Huppert embodies three different women named Ann, in three separate short stories. It all takes place in the sleepy beach town of Mohang. The supporting characters are mostly the same. But the circumstances change, sometimes only slightly. English is mostly spoken.

In the first story Ann is a French director staying a couple days with a Korean director friend and his pregnant wife.

In the second story Ann (wife of a businessman in Seoul) escapes to the beach town to have a tryst with as well-known Korean director.

In the third story Ann is taken to Mohang by her Korean professor woman friend to help her get over her husband leaving her for another woman, a Korean!

Other than the back-stories, not a whole lot happens in terms of plot. But the scenes unfold naturally, and with tremendous grace that they are almost painful to watch because the subtleties are just so right on.

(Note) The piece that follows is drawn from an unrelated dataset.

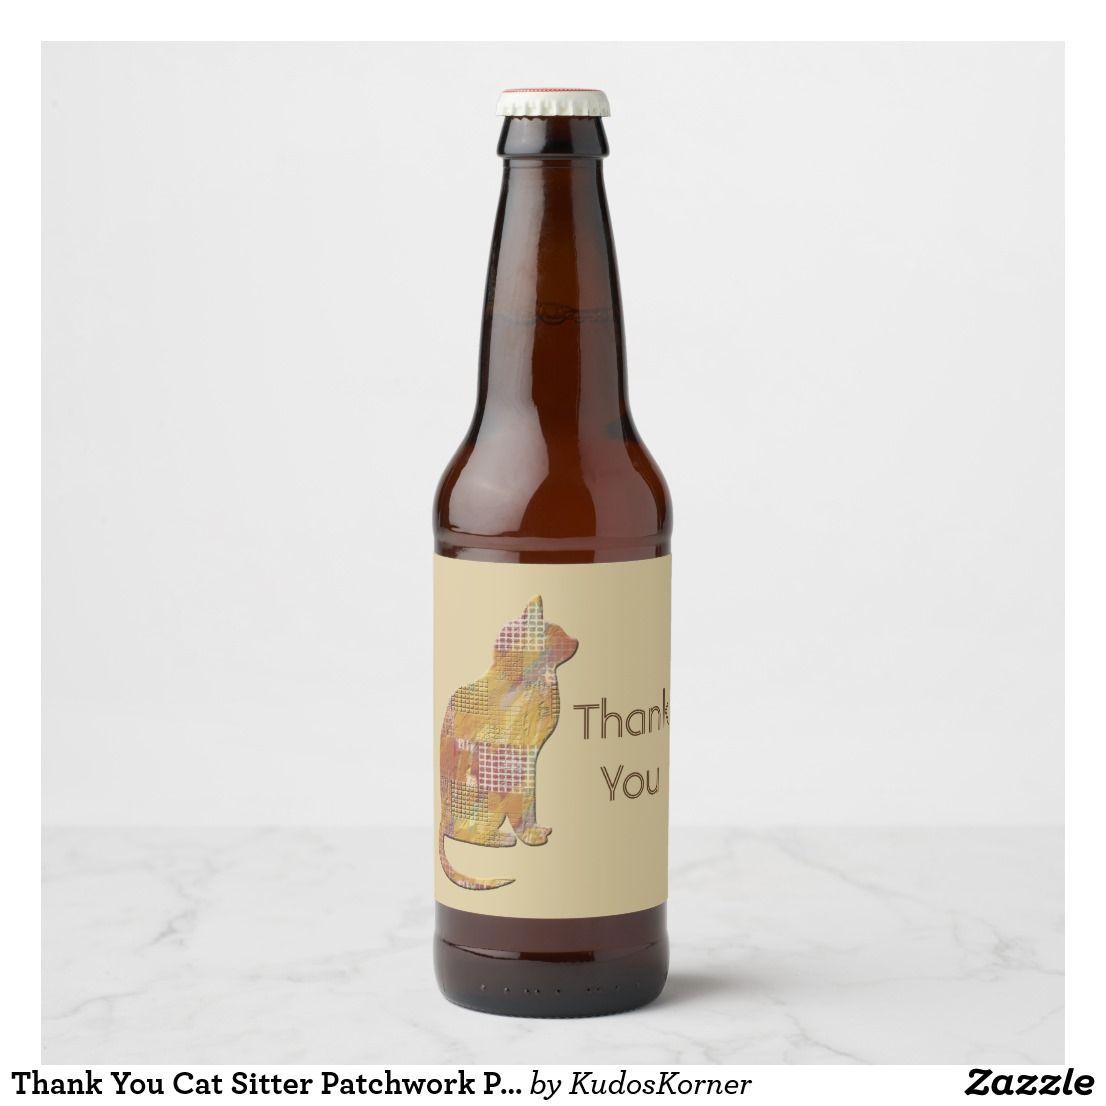 Thank You Cat Sitter Patchwork Pet Appreciation Beer Bottle Label Zazzle Com With Images Patchwork Pet Beer Bottle Labels Cat Sitter

There's one scene in the final story, when Ann, her professor friend, the man and his pregnant wife are dining alfresco, drinking soju and eating bbq. The man is obviously very curious about this white horse. He sees that Ann can enjoy soju so he pours her more, but neglects the professor friend. And worse than that, he only clinks glasses with Ann. Both the professor and the wife notice this without revealing their ire. The moment is unbearably tense.

Hong and Huppert earnestly present three slices of what it means to be a foreigner that you don't need to be Korean, French, or American to feel that weight.